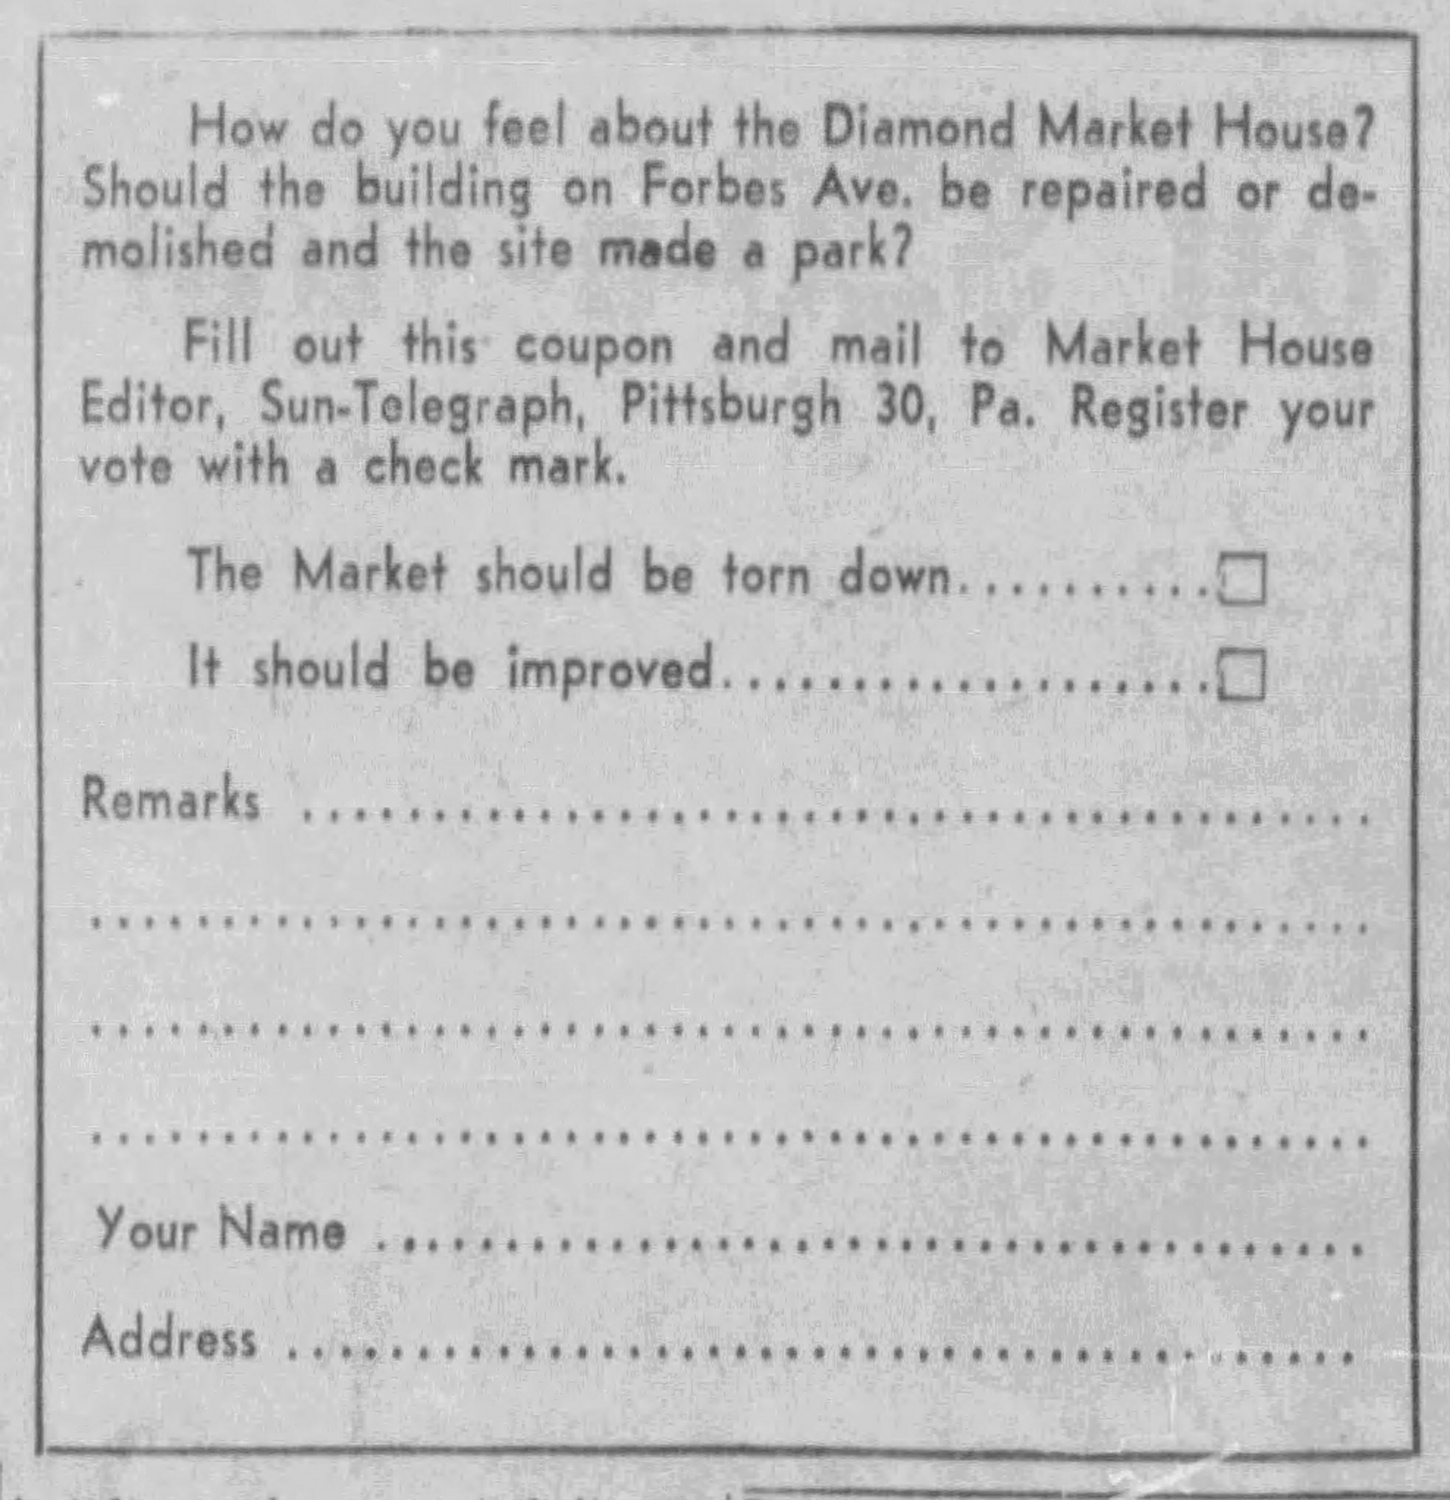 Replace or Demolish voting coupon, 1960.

* * *

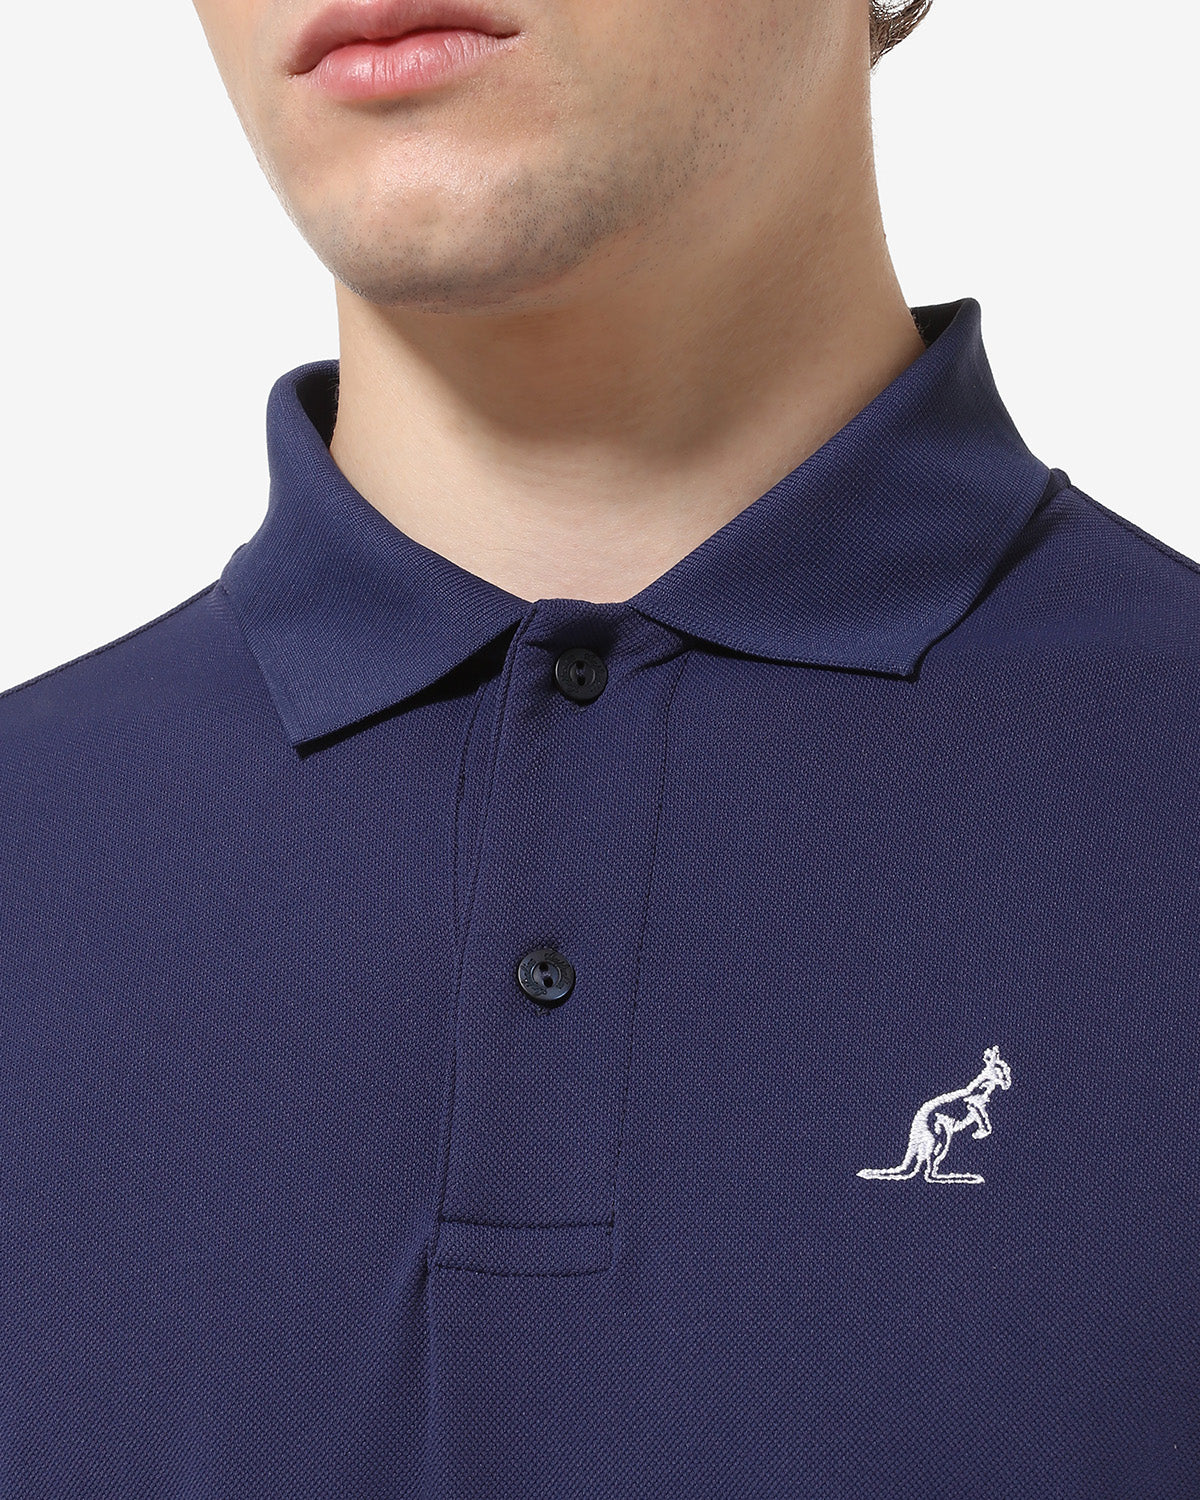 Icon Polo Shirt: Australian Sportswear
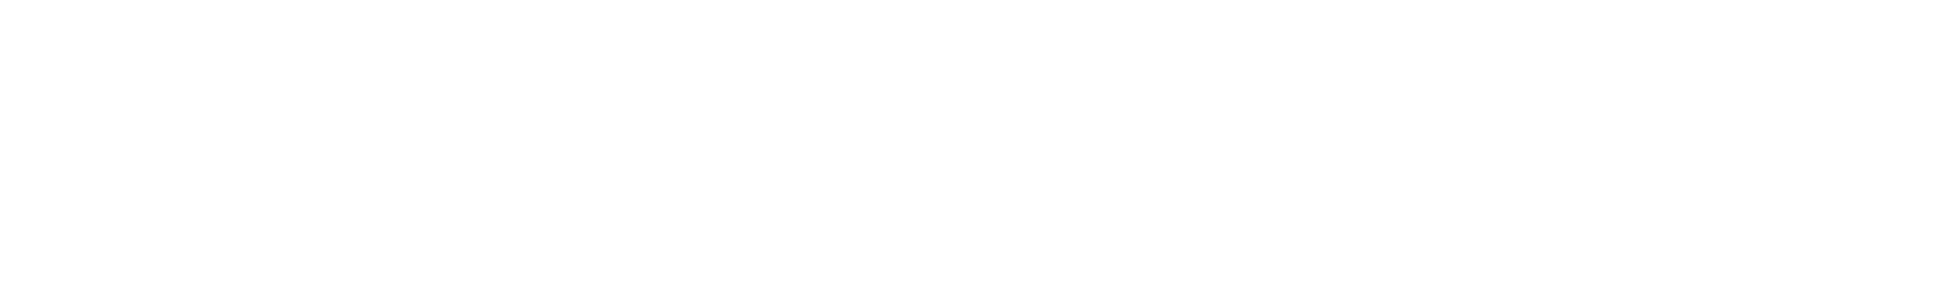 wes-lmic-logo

#### [EXERCISE DETAILS]
Write out word for word the lines above that run from the one with "Icon Polo Shirt: Australian Sportswear" to the one with "wes-lmic-logo". Include both end lines; exclude the images.

#### [WRITTEN SOLUTION]
 Icon Polo Shirt: Australian Sportswear
 wes-lmic-logo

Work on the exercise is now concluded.